Grandson of French King Felipe I, Conde d'Eu (1842-1922) received a refined education in France and England before embarking on a military career that led him to become a captain. His uncle, D. Fernando II of Portugal, encouraged him to investigate the possibility of marriage with one of the two daughters of D. Pedro II and recommended him, in a letter, to the Brazilian Emperor:

If I could grab this one for one of your daughters, that would be great. He is robust, tall, good figure, good natured, very amiable, very learned, studious, and, moreover, he has, since now, a small military fame...

Gastão accepted and became known then, above all, for having married in 1864 the second daughter of Emperor Dom Pedro II and Empress Teresa Cristina, Princess Isabel.

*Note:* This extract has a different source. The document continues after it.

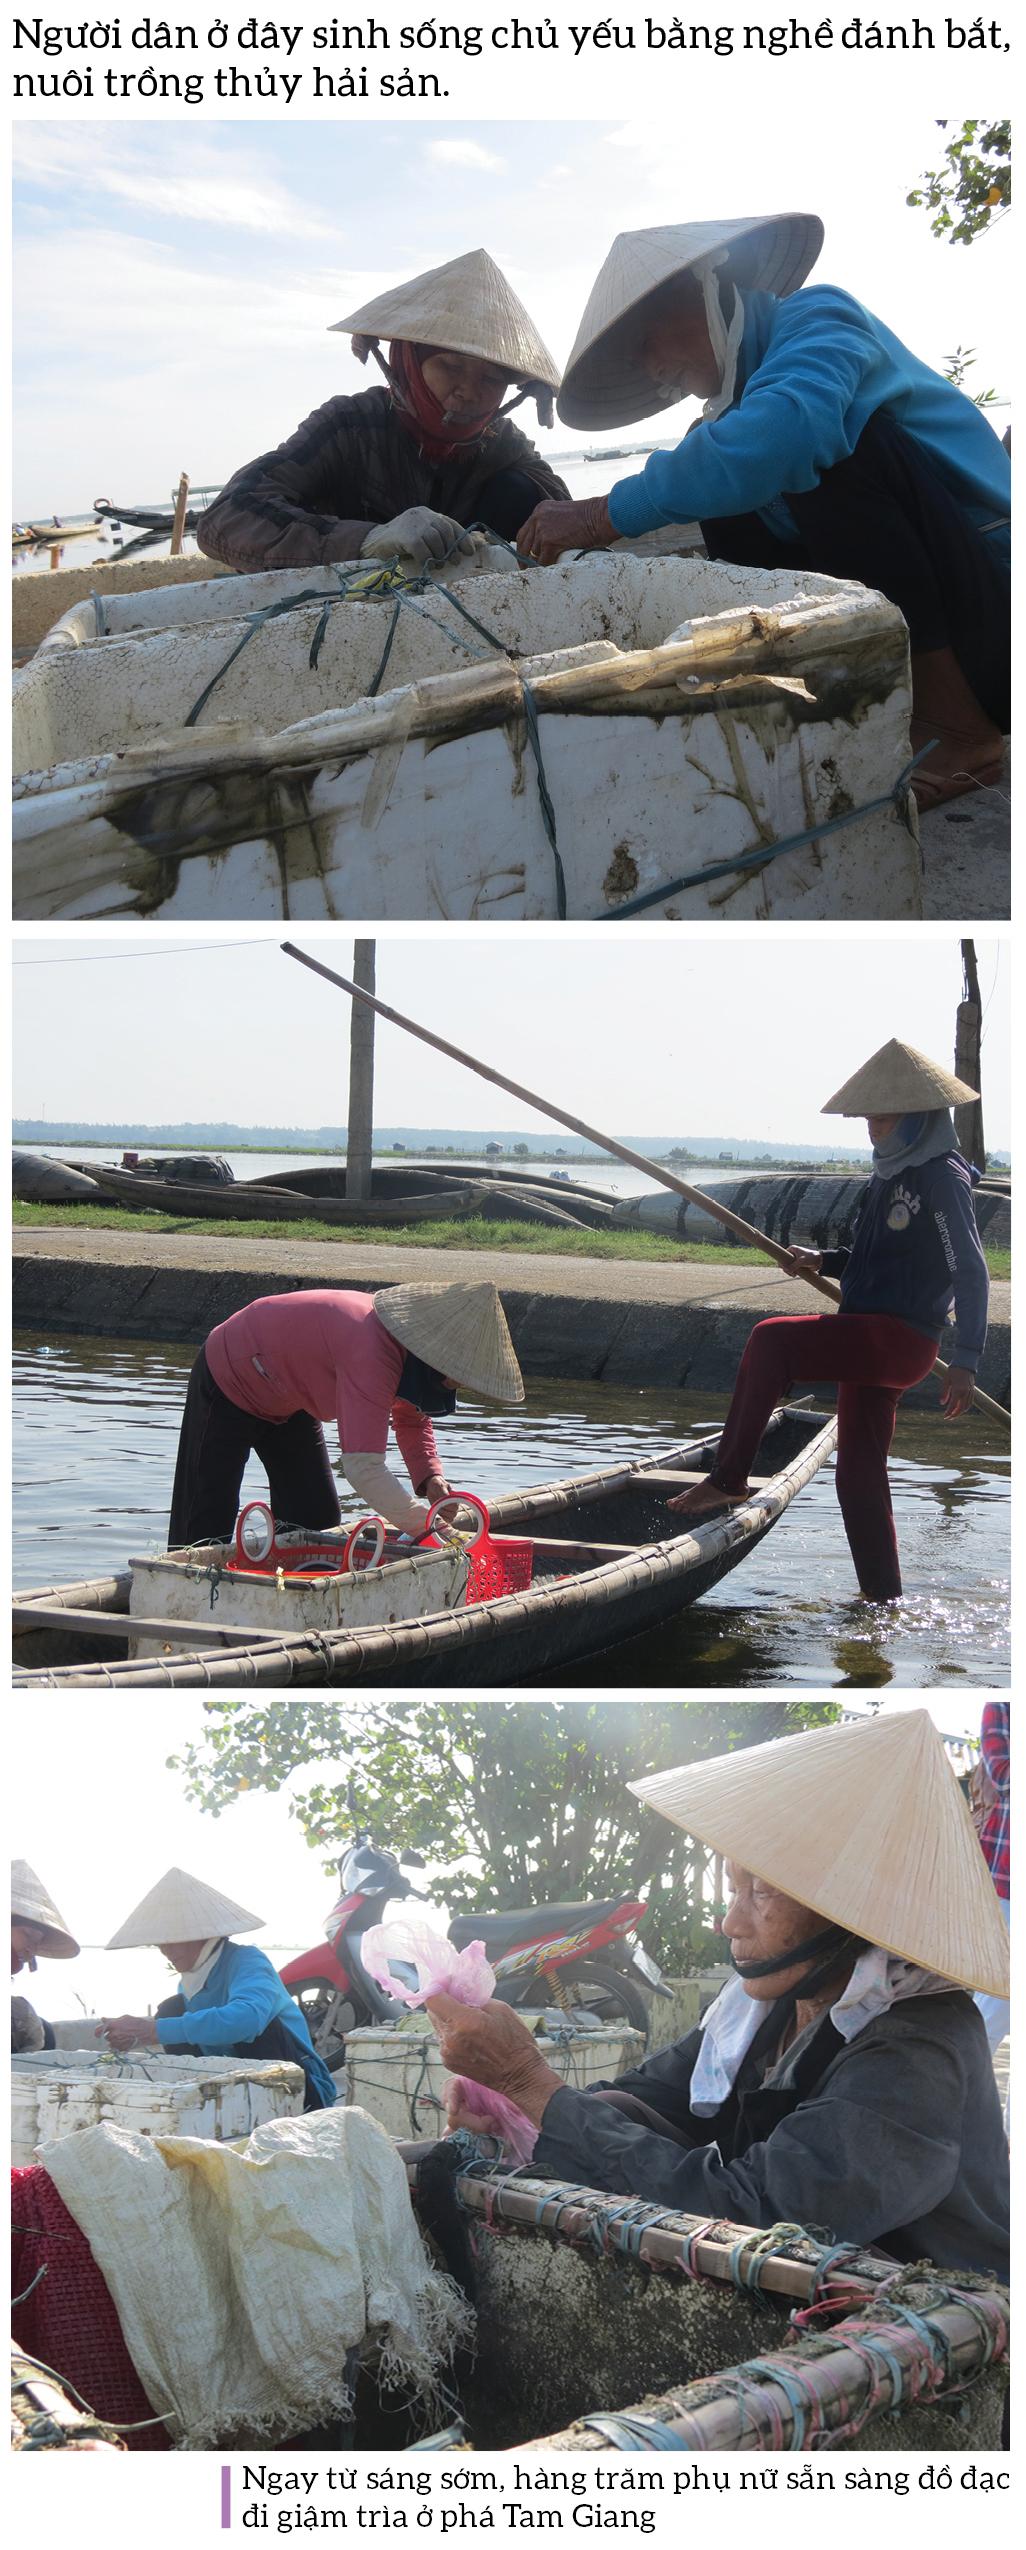 Bình yên sông nước phá Tam Giang ảnh 6

However, it is fair to remember that, already heir to the throne, he took the place of the Duke of Caxias as Commander of the Brazilian Forces, during the war in Paraguay, when he was only 28 years old. It was under his command that the war ended and he enjoyed, at first, great popularity when he returned to Brazil in 1870.

He had four children with Princess Isabel but did not play an important political role in the Brazilian political scenario; he and Dom Pedro II often fell out, and the Emperor did not make him act in government. With the end of the Empire in 1889, he went into exile with the entire imperial family in Europe until he died in 1922, aboard the ship Massília, when he was traveling once again to Brazil to attend the celebrations of the centenary of independence.

According to the website Aventuras Na História, Princess Isabel's husband was "one of the most important and unjustly ignored characters of the Brazilian Empire."

This letter, in perfect condition and completely unpublished, draws attention because it shows the Count already over 60 years old, living with Princess Isabel, traveling in Italy but living in France, and very active socially.